Here’s PE-Vio770 (anti-ACSA-2), which is essentially PE-Cy7. See that there’s a wide light blue region around YG1, which is where the base donor PE molecule emits. This means we have some tandem breakdown and that there is a range of species in the vial. The variation in the mid-UV, mid-violet and narrow-blue is AF.

Okay, now we’re ready to unmix with per-cell fluorophore optimization.
This is where we start Tetrising.
We are going to try to figure out which of these variants is the best “fit” for each cell in the data. We do this by trying to fill in the little gaps, the mismatch, in between the raw data and the prediction from the unmixing model. This gap is call the residual, which is the part of the data that cannot be explained by the model. We want the model to be as good as possible, which means minimizing that gap. One way of thinking of the unmixing is that we are trying to squeeze the spectra into the raw data. We can multiply them up and down to scale them, but we don’t normally get to change the shapes at all. With the variants, we have options, all of which are very, very similar, but that small flex allows us to fit the shapes in better.
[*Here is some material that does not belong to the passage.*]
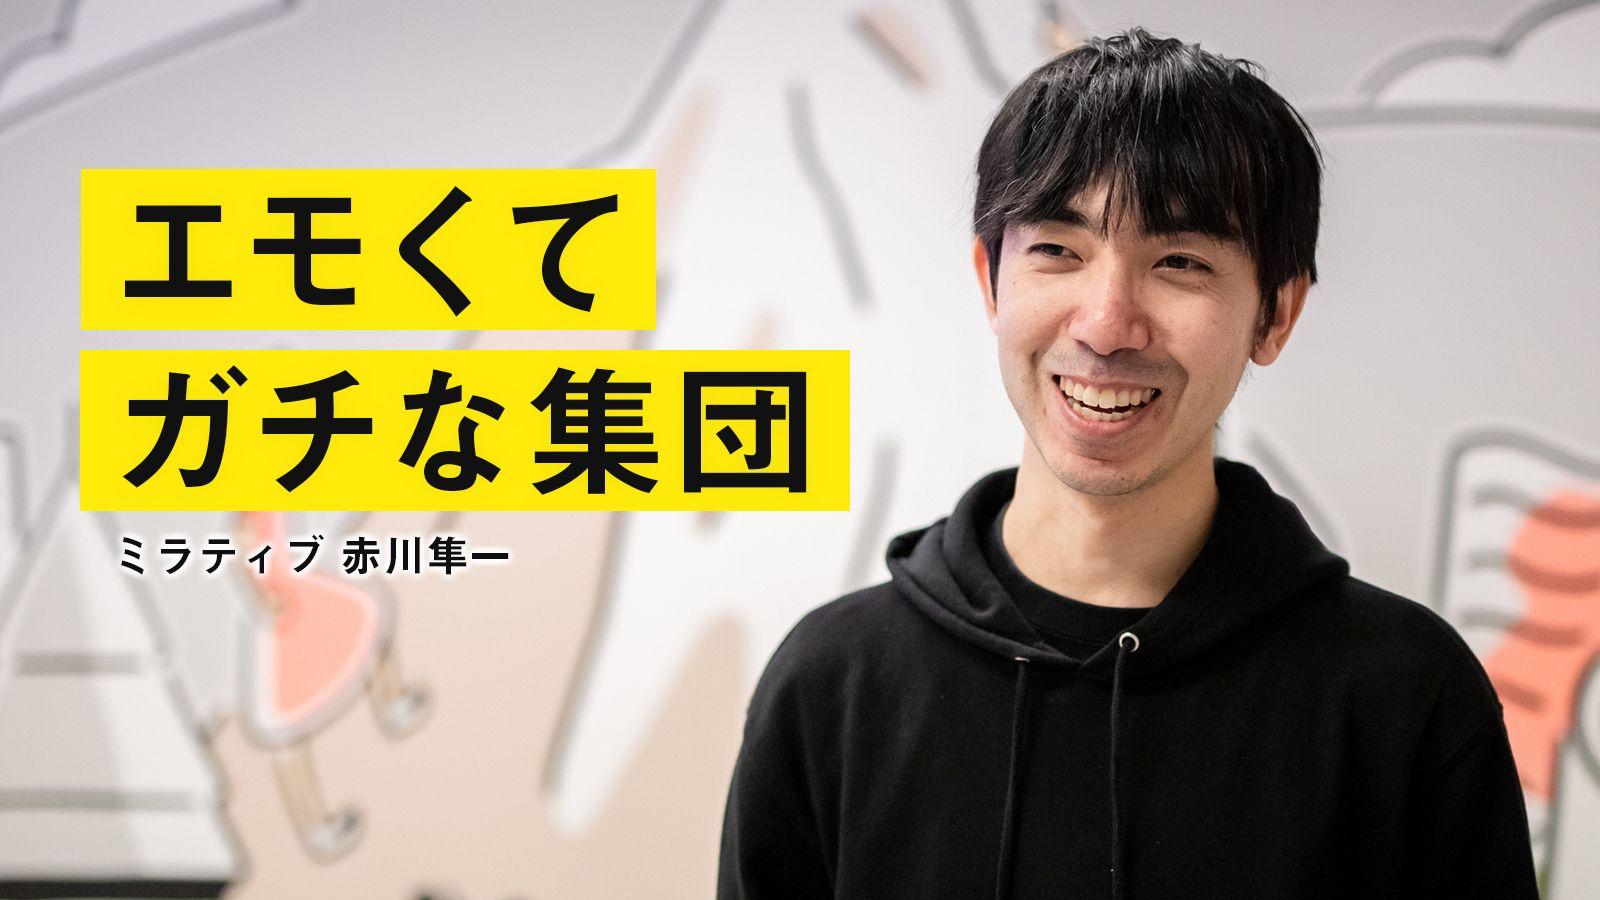 ミラティブ 赤川隼一は、経営会議の最優先テーマを「採用」に置く

The most accurate way of doing this would be to test not only each variant for each cell, but to test each combination of variants, probably in an iterative refinement. Since that would increase at the rate of n.variants^n.fluorophores, it is currently prohibitive to do so. Note that this does not even begin to deal with variation outside the range of what is seen in the single-stained controls. Up to version 1.0.0, AutoSpectral has used a “brute force” approach of testing every variant for every cell, at least for the “slow” method. This is indeed slow.
As of version 1.0.0, we speed up the process by pre-screening variants per cell. We can do this by looking for variants where the change in the spectrum between the variant and the base/median spectrum for that fluorophore matches the shape of the residuals for the cell. Basically, we are looking for alignment or similarity between what the change in spectrum will do and what the cell has “left over”. This means we’re only looking for variation that pushes in the “correct” direction. By doing this, we can cut down to a handful of potential candidates (or even a single one) rather than testing a hundred or so per fluorophore. That allows us to speed things up a lot, without affecting the results much at all. In some cases, this gives a slightly better result since we don’t get trapped in local minima. Since we are no longer testing every variant for every cell, we can pass a larger set of variants without affecting the computation time much at all, and AutoSpectral offers that in version 1.0.0. This can help slightly, but tends to be less important than screening more autofluorescence spectra.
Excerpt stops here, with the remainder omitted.